How do investors protect themselves?

One way is to buy gold, although that's appreciated since I began writing about it in October last year, when nobody wanted to know. Now everyone has an opinion, which makes me slightly nervous. I certainly wouldn't call it cheap insurance anymore. But I think it has a part in a portfolio as an insurance asset.

One other form of protection is dividend swaps, because they've been enormously mispriced to my mind. They are pricing in incredibly low growth in dividends, so they offer a cheap source of inflation protection. They're tricky for the average person on the street to get hold of, but you can trade them on the futures exchange, or through IG Index.

Is the equity rally overdone? I was exceedingly bullish at the end of last year and through the beginning of this year. But the scale of the rally has strip-mined a lot of the value out of these markets. They're not cheap, but not exceedingly expensive – they're in the boring fair-value range. So I don't think there are many opportunities right now.

Patience is the best strategy, which is itself quite tricky because people always want to do something. This is where private investors have an advantage over the professionals – they don't have a benchmark to constrain where and how they can invest. So they can sit and do nothing, they can hold cash, or be fully invested. It's entirely up to them.

What other qualities do successful investors need?

A healthy degree of scepticism and the ability to take an independent view. When you look at the best fund managers – and there are some exceedingly good ones – they don't rely on stockbroker research or recommendations from investment bank analysts. They do their own research – people like my new boss, Jeremy Grantham, or Seth Klarman, probably one of the all-time legendary fund managers. In Britain, you have guys like Neil Woodford. All these people are seriously independent-minded thinkers.

You're a value investor – how do you go about finding a 'value' stock?

There are three things you need to look at. One is the valuation. Is this stock cheap? If so, it's a potential investment. If not, forget about it there and then. The second is what its balance sheet looks like. That answers the question, 'is this stock cheap for a reason?', ie, is it a value trap? In the good times, nobody cares about the balance sheet. But it's incredibly important because you can't really analyse earnings without understanding the balance sheet behind those earnings. Yet very little effort goes into checking them. The third question I ask is what the management is doing with the capital I give them. What are they going to do with my cash? Spend it on pet projects, or on something worthwhile? Those three things really provide investors with everything they should be looking at.

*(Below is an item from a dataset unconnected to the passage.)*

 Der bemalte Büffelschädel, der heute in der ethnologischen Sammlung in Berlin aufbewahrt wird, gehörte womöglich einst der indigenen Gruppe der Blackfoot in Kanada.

Nothing else investors need to know?

No. Wall Street would have you believe that you need to know everything about everything before you make an investment. But in fact, to make an investment, what I need to know is relatively limited. I simply don't need to know everything about everything. There's a classic belief that it's necessarily better to have more information.

The problem is that this ignores the fact that the human brain is a limited processing device. We are not a crazed supercomputer that can handle bytes and bytes of information simultaneously. What happens is that too much information confuses us. We can't concentrate on it. So what we actually find is that the more information you give investors, the worse their decisions tend to be.

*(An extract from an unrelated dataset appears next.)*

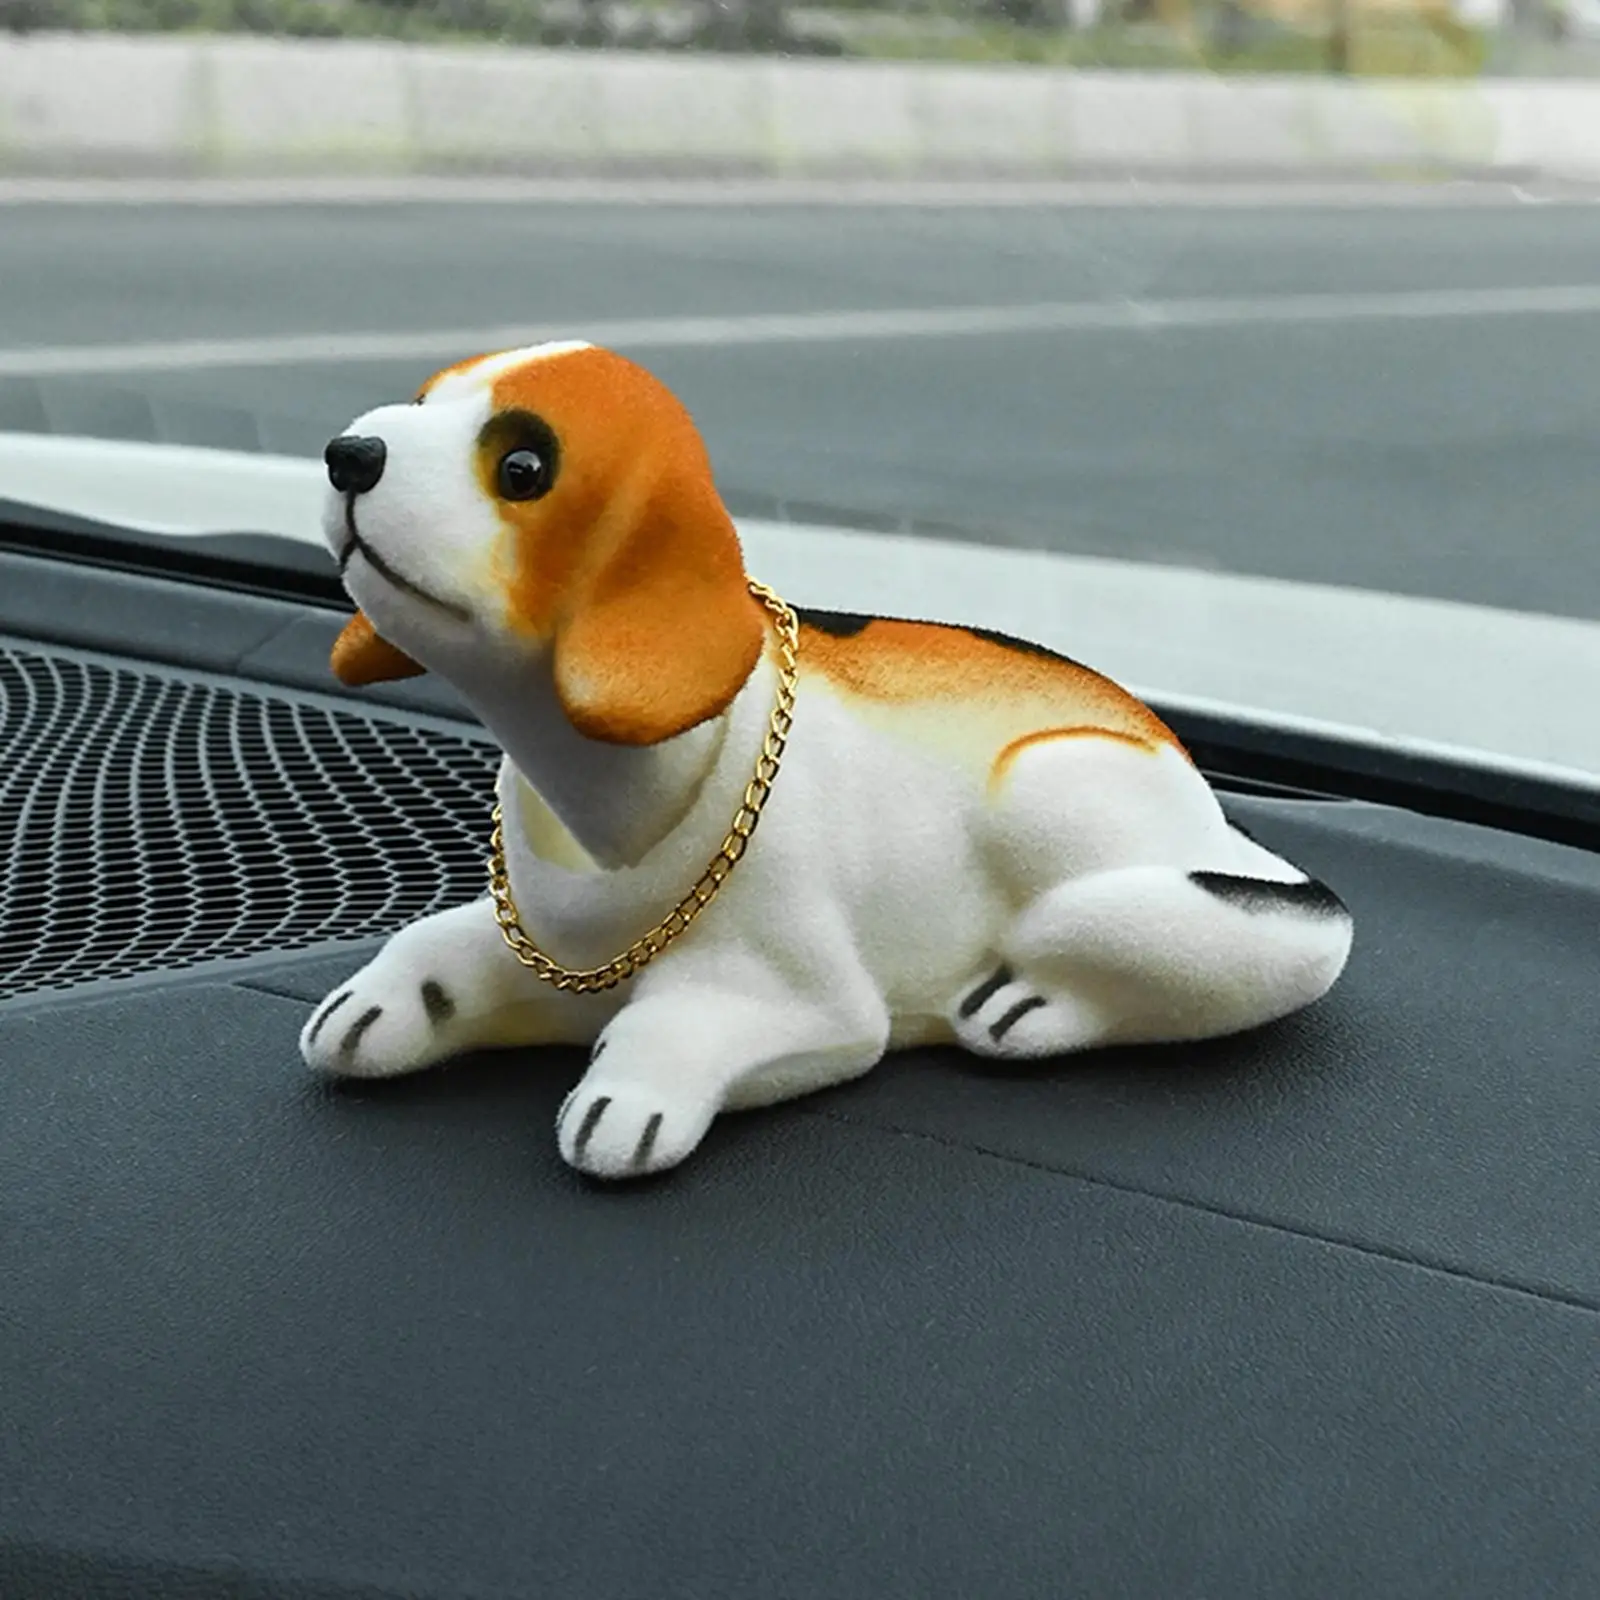 Cute Bobble Head Dog Nodding Dog Puppy for Car Dashboard Ornament Decoration

Underachiever who predicted the crash

An "ageing rock fan", James Montier grew up in Sussex, where he wasn't a promising student. "I was probably too busy listening to Guns N Roses and mucking around", he says. One school report read: "Sets himself low standards, fails to achieve them." Yet he went on to excel in economics, doing a Masters degree in the subject before joining Dresdner Kleinwort in 1992.

Montier specialises in behavioural finance, which looks at how our psychology affects our investing; and value investing, which is the topic of his latest book, Value Investing: Tools and Techniques for Intelligent Investment.

At Société Générale, with colleague Albert Edwards, he predicted the crash, but also told investors to start buying value stocks, not long before the market bottomed in March. He left Société Générale earlier this year to join US asset manager GMO.